The name of the node.
branches (Dict[str, Pipeline]) –

A dictionary of branches to execute in parallel.
terminate_with_failure (bool) –

Whether to terminate the pipeline with a failure after this node.
terminate_with_success (bool) –

Whether to terminate the pipeline with a success after this node.
on_failure (str) –

The name of the node to execute if any of the branches fail.

runnable.Map ¶

A node that iterates over a list of items and executes a pipeline for each item. Please refer to concepts for more information.

Attributes:

branch (Pipeline) –

The pipeline to execute for each item.
iterate_on (str) –

The name of the parameter to iterate over. The parameter should be defined either by previous steps or statically at the start of execution.
iterate_as (str) –

The name of the iterable to be passed to functions.
reducer (Callable) –

The function to reduce the results of the branches.
overrides (Dict[str, Any]) –

Any overrides to the command.

runnable.Success ¶

A node that represents a successful execution of the pipeline.

Most often, there is no need to use this node as nodes can be instructed to terminate_with_success and pipeline with add_terminal_nodes=True.

Attributes:

name (str) –

The name of the node.

runnable.Fail ¶

A node that represents a failed execution of the pipeline.

Most often, there is no need to use this node as nodes can be instructed to terminate_with_failure and pipeline with add_terminal_nodes=True.

Attributes:

name (str) –

The name of the node.

runnable.Pipeline ¶

A Pipeline is a sequence of Steps.

Attributes:

steps (List[Stub | PythonTask | NotebookTask | ShellTask | Parallel | Map]]) –

A list of Steps that make up the Pipeline.

The order of steps is important as it determines the order of execution. Any on failure behavior should the first step in on_failure pipelines.
on_failure (List[List[Pipeline]) –
A list of Pipelines to execute in case of failure.

For example, for the below pipeline: step1 >> step2 and step1 to reach step3 in case of failure.
```
failure_pipeline = Pipeline(steps=[step1, step3])

pipeline = Pipeline(steps=[step1, step2, on_failure=[failure_pipeline])
```
name (str) –

The name of the Pipeline. Defaults to "".
description (str) –

A description of the Pipeline. Defaults to "".

The pipeline implicitly add success and fail nodes.

execute ¶

execute(configuration_file: str = '', run_id: str = '', tag: str = '', parameters_file: str = '', log_level: str = defaults.LOG_LEVEL)

Execute the Pipeline.

Execution of pipeline could either be:

Traverse and execute all the steps of the pipeline, eg. local execution.

Or create the representation of the pipeline for other executors.

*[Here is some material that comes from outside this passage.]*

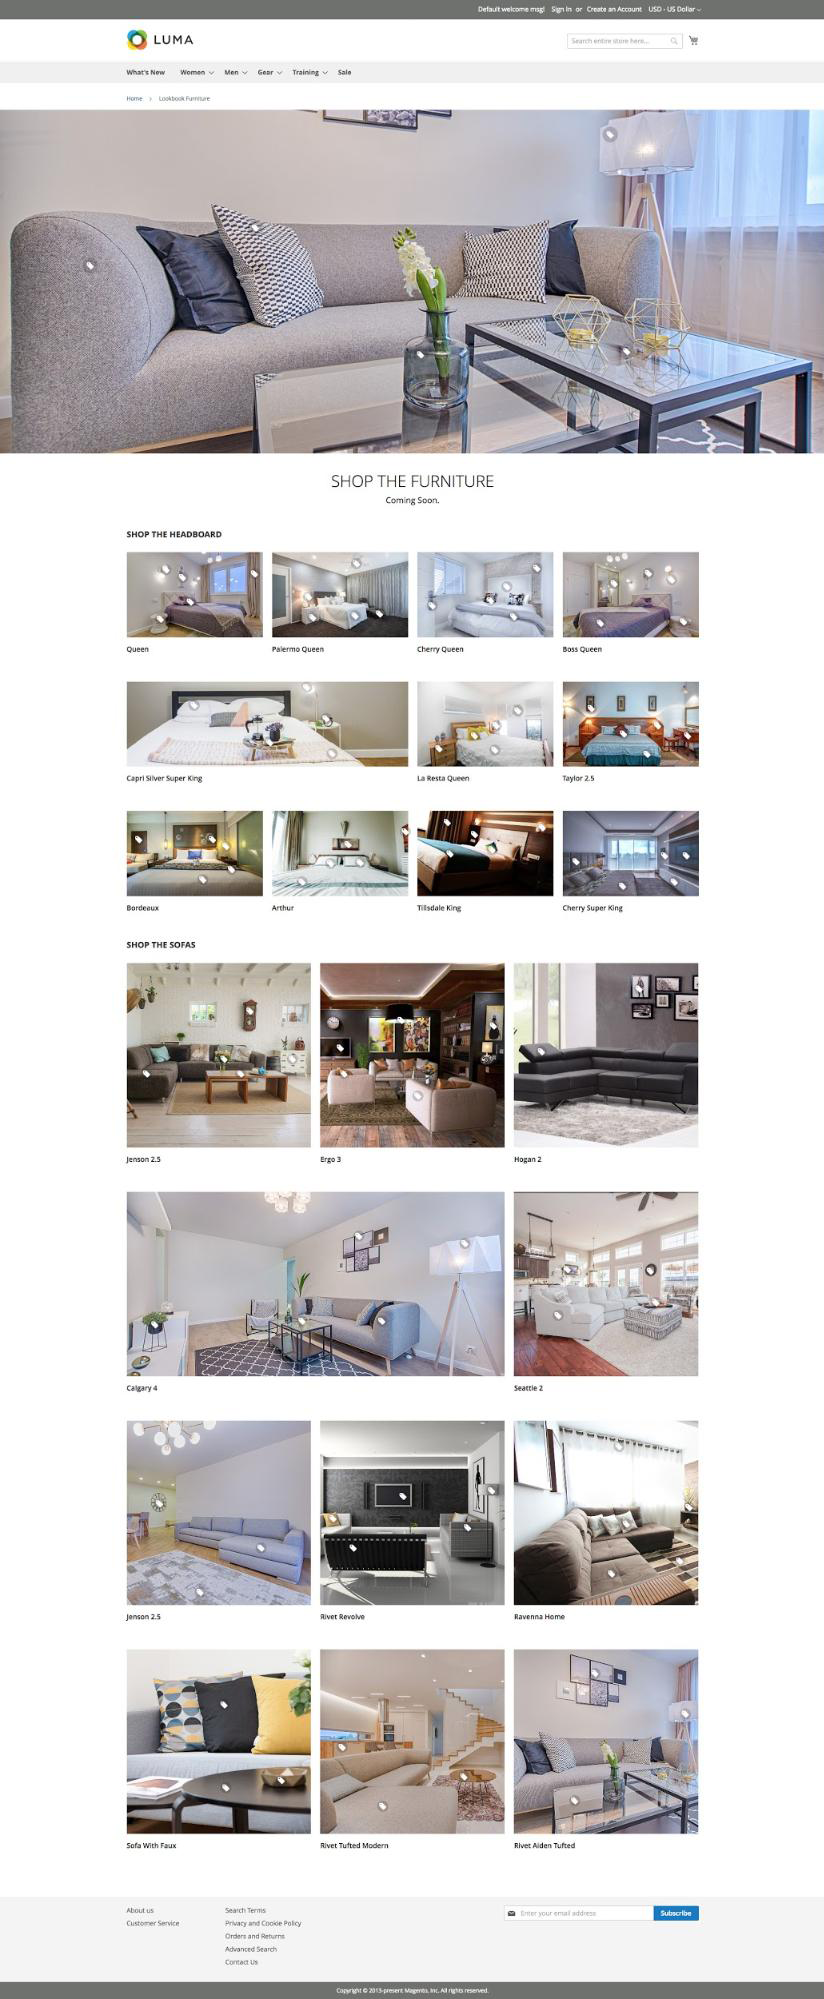 Sample furniture lookbook page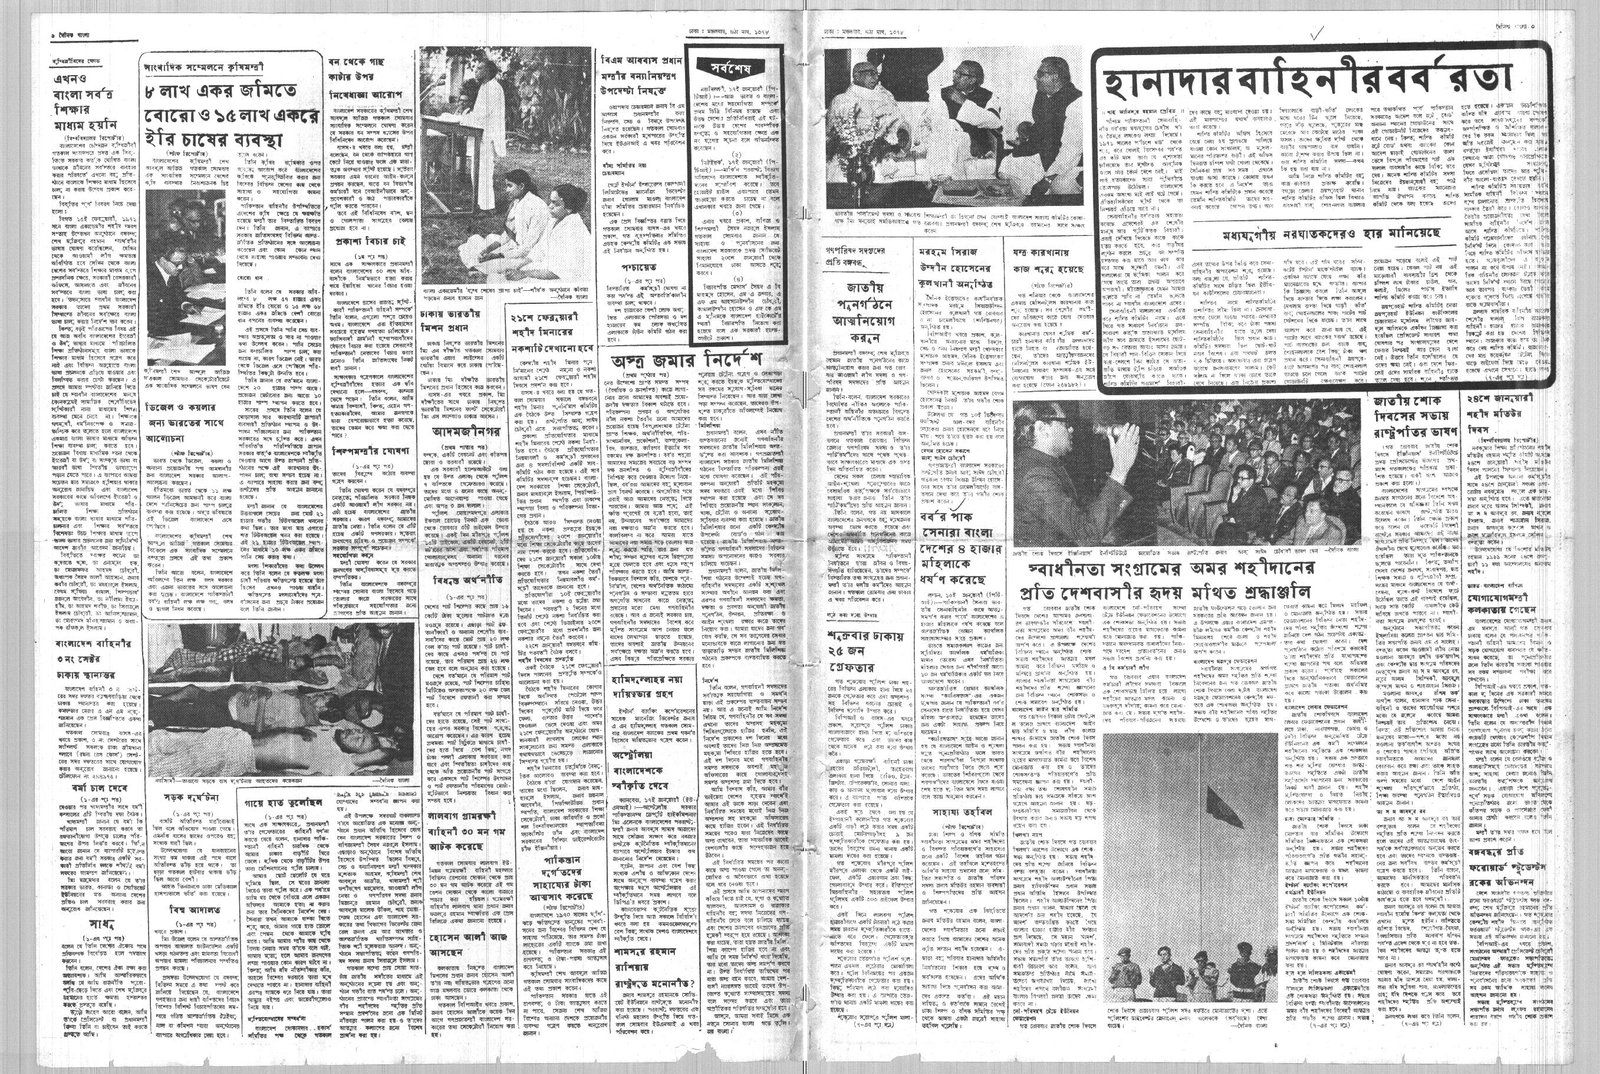 18JAN1972-DAINIK BANGLA-Regular-Page 3 and 6

Please refer to concepts for more information.

Parameters:

configuration_file (str, default: '' ) –

The path to the configuration file. Defaults to "". The configuration file can be overridden by the environment variable RUNNABLE_CONFIGURATION_FILE.
run_id (str, default: '' ) –

The ID of the run. Defaults to "".
tag (str, default: '' ) –

The tag of the run. Defaults to "". Use to group multiple runs.
parameters_file (str, default: '' ) –

The path to the parameters file. Defaults to "".
log_level (str, default: LOG_LEVEL ) –

The log level. Defaults to defaults.LOG_LEVEL.

model_post_init ¶

model_post_init(__context: Any) -> None

The sequence of steps can either be

[step1, step2,..., stepN, [step11, step12,..., step1N], [step21, step22,...,]] indicates: - step1 > step2 > ... > stepN - We expect terminate with success or fail to be explicitly stated on a step. - If it is stated, the step cannot have a next step defined apart from "success" and "fail".

The inner list of steps is only to accommodate on-failure behaviors.
    - For sake of simplicity, lets assume that it has the same behavior as the happy pipeline.
    - A task which was already seen should not be part of this.
    - There should be at least one step which terminates with success

Any definition of pipeline should have one node that terminates with success.